The evidence for ethics washing is difficult to evaluate precisely because the counterfactual — what would have happened without the principles documents — is unavailable. But several observable patterns are suggestive. Ethics principles documents were frequently produced by organizations that had recently faced specific ethics controversies, suggesting reactive rather than proactive motivation. Ethics teams at major technology companies were typically small relative to product teams, with limited authority over deployment decisions.
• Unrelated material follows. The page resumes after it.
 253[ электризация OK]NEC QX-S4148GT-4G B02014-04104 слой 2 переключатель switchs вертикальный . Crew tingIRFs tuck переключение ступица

Ethics principles that conflicted with profitable business models — privacy principles that conflicted with advertising revenue models, fairness principles that conflicted with efficient targeting — were typically interpreted narrowly or quietly set aside. When researchers or employees raised concerns that were substantively addressed, it often required public pressure, investigative journalism, or legal threat, not the internal ethics infrastructure that had been established.

Civil Society Organizing

Against the background of corporate ethics washing and government hesitation, civil society organizations played a critical role in holding AI systems accountable. The Algorithmic Justice League, founded by Joy Buolamwini in 2016, combined technical research — producing empirical evidence of bias in deployed systems — with advocacy for affected communities and public communication aimed at non-technical audiences. The AI Now Institute, founded by Kate Crawford and Meredith Whittaker at New York University in 2017, produced annual reports documenting AI ethics failures across sectors and making policy recommendations.

Investigative journalism was also crucial. The investigative work that produced ProPublica's COMPAS analysis, Reuters's reporting on Amazon's hiring algorithm, and The New York Times's coverage of facial recognition surveillance in New York City all required technical sophistication combined with journalistic commitment to accountability. These investigations were important not just for the specific harms they documented, but for creating public awareness and political pressure without which governance responses would have been even slower.
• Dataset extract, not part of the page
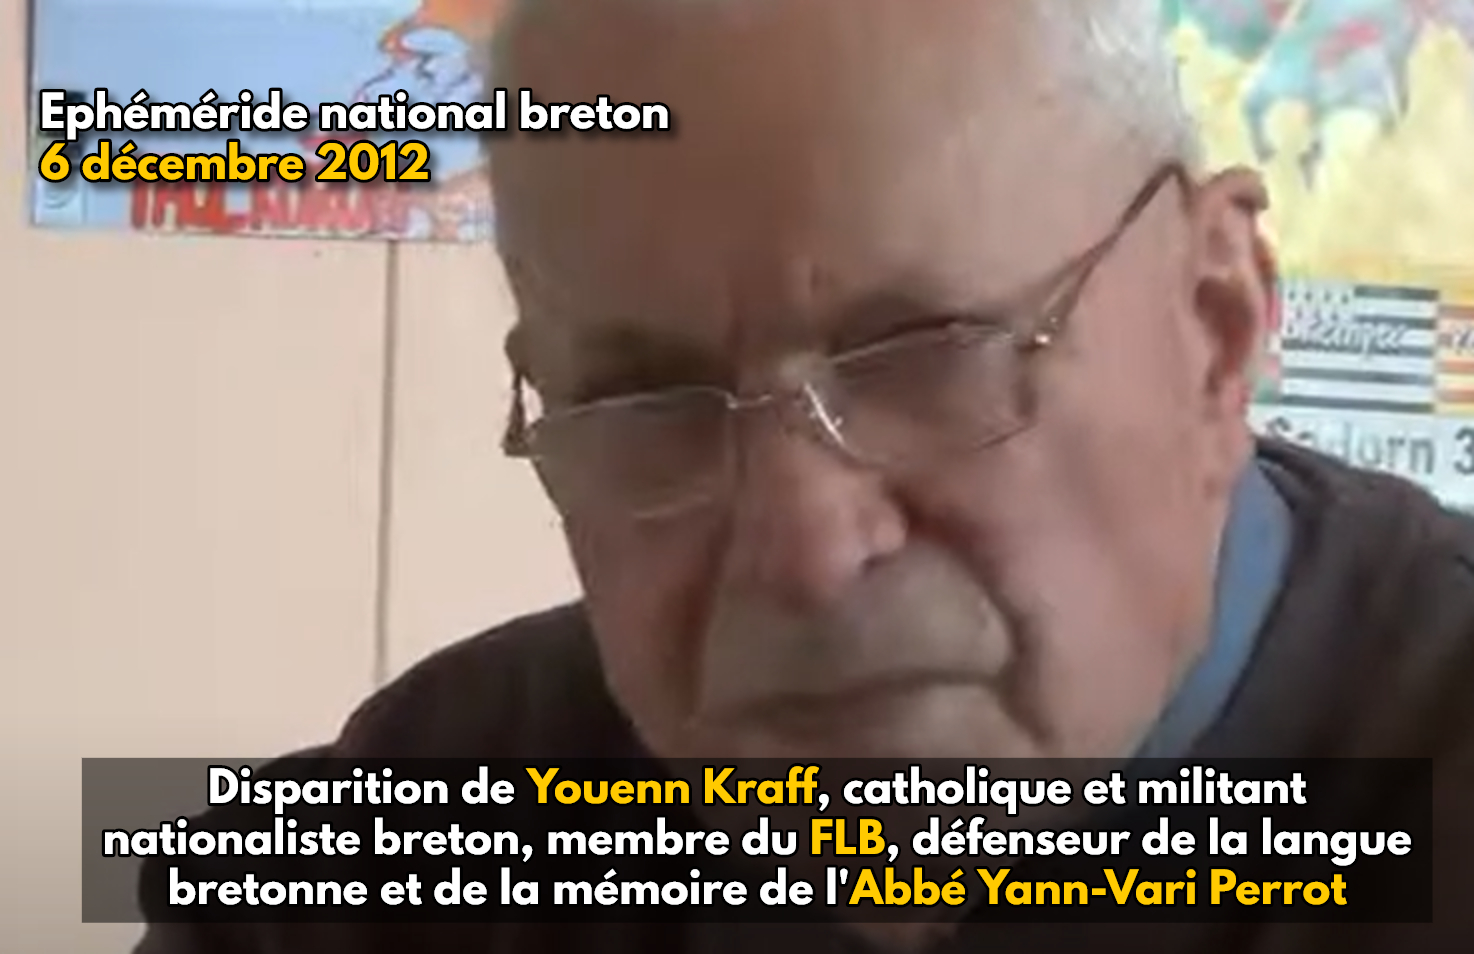 Ephéméride national breton : 6 décembre 2012, disparition de Youenn Kraff, défenseur de la langue bretonne et militant nationaliste

The role of civil society and journalism in AI accountability is ethically important for business professionals to understand. It means that the accountability infrastructure for AI systems in the period 2016–2022 was largely external to the organizations deploying those systems. The implication is not simply that external accountability is better than internal accountability, but that internal accountability structures, to be credible, must be designed with enough independence and authority to surface and act on concerns that run counter to organizational interests.


Section 2.6: Regulation Arrives — Slowly (2018–Present)
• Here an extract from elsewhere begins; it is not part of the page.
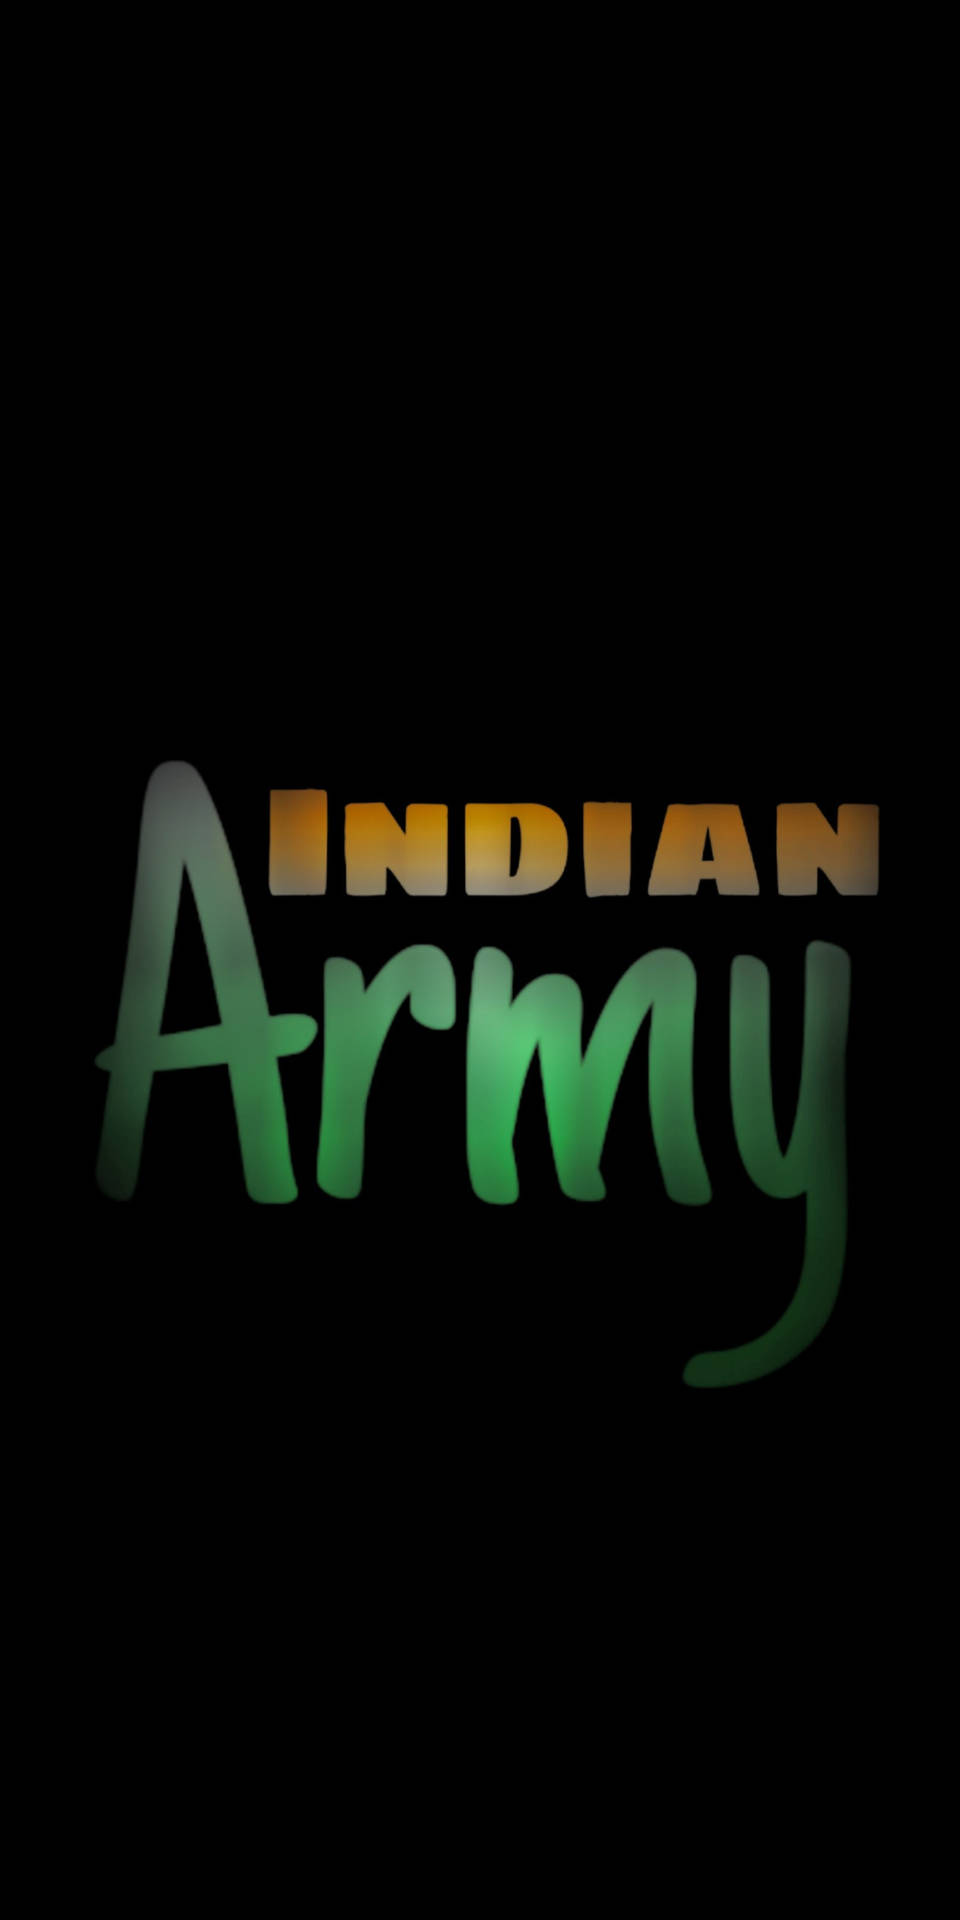 Logotipodel Ejército Indio En Arte De Texto. Fondo de pantalla

GDPR: A Regulatory Turning Point

The European Union's General Data Protection Regulation, which came into force in May 2018, represented a significant shift in the regulatory landscape for AI. GDPR was not an AI-specific regulation; it was a comprehensive data protection framework. But several of its provisions had direct relevance to AI systems: requirements for transparency about automated decision-making, rights for individuals to contest algorithmic decisions that significantly affected them, requirements for data minimization and purpose limitation that constrained the "collect everything" approach characteristic of large AI training datasets.

More important than GDPR's specific provisions was its enforcement mechanism. Unlike the guidelines and principles documents that had characterized AI governance until then, GDPR came with real penalties: up to 4% of global annual revenue for major violations. Google was fined €50 million in France in 2019, and Amazon was fined €746 million in Luxembourg in 2021. These penalties were large enough to matter to major corporations and to signal that regulatory compliance was a genuine business risk.

GDPR's impact on AI development was contested. Some practitioners argued that its requirements for transparency and consent were difficult to reconcile with the opacity of complex AI models and the scale of data processing they required. Others argued that the regulation had driven genuine improvements in data governance practice. The debate was productive because it forced organizations to think concretely about how regulatory requirements would apply to their AI systems — a more rigorous exercise than drafting principles documents.

AI-Specific Regulation

The EU AI Act, provisionally agreed in 2023 and formally adopted in 2024, represents the first comprehensive regulatory framework specifically designed for AI systems. It takes a risk-based approach: classifying AI systems by their potential for harm and imposing requirements proportional to that risk. Systems used in biometric surveillance, critical infrastructure, education, employment, essential services, law enforcement, migration, and administration of justice are classified as high-risk and subject to extensive requirements: technical documentation, transparency, human oversight, accuracy and robustness standards, and conformity assessments before deployment.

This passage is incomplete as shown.